## EXERCISE BRIEF
Please print the entries below exactly, from the line with "VBD, Postauto und" through the line with "Pública en Chile", including both of those lines and leaving out all others.

## MATERIAL FOR THIS TASK
━━━━━━

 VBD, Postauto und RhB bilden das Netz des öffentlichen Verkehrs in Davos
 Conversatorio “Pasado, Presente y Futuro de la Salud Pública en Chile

━━━━━━

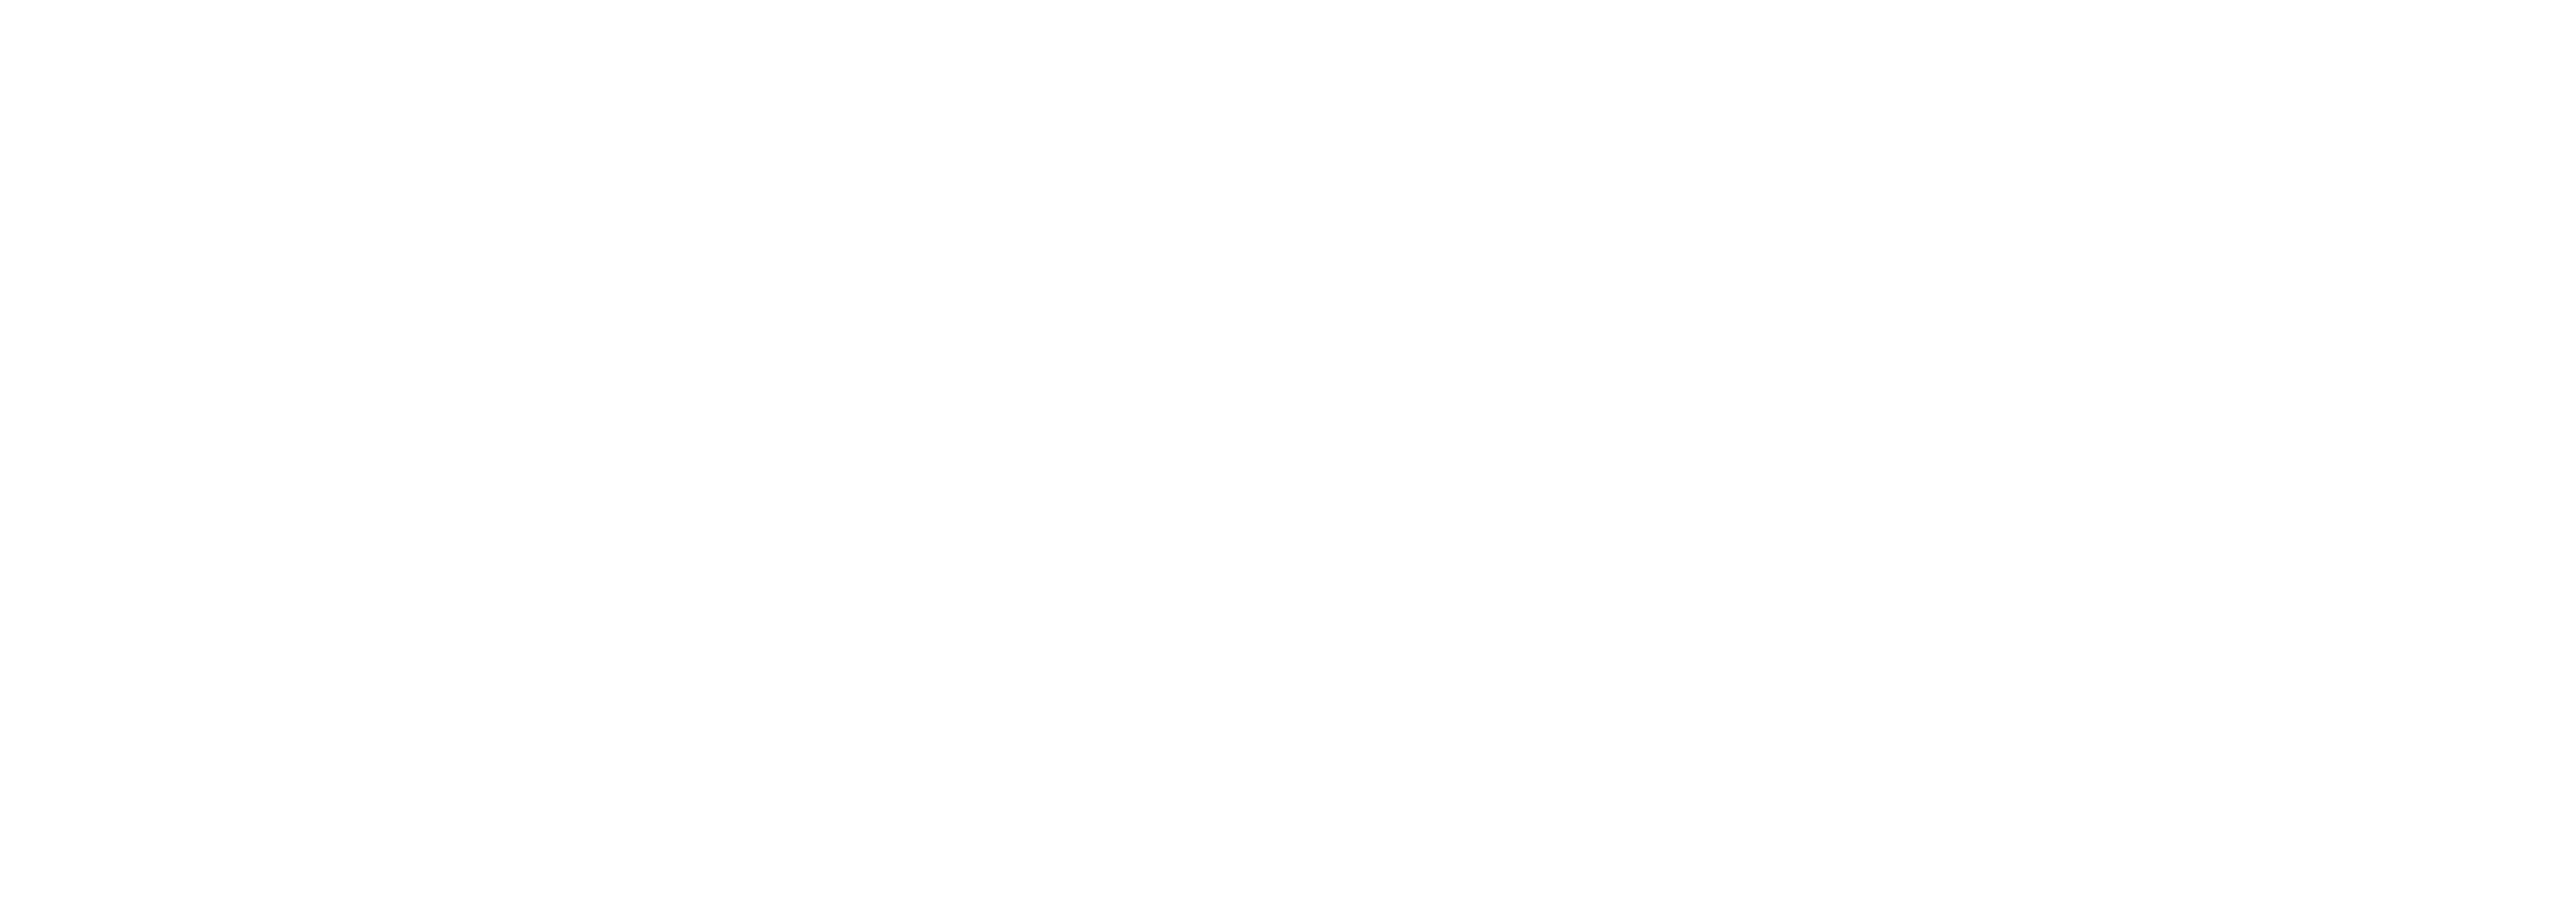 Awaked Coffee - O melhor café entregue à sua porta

━━━━━━

## EXPECTED OUTPUT
 VBD, Postauto und RhB bilden das Netz des öffentlichen Verkehrs in Davos
 Conversatorio “Pasado, Presente y Futuro de la Salud Pública en Chile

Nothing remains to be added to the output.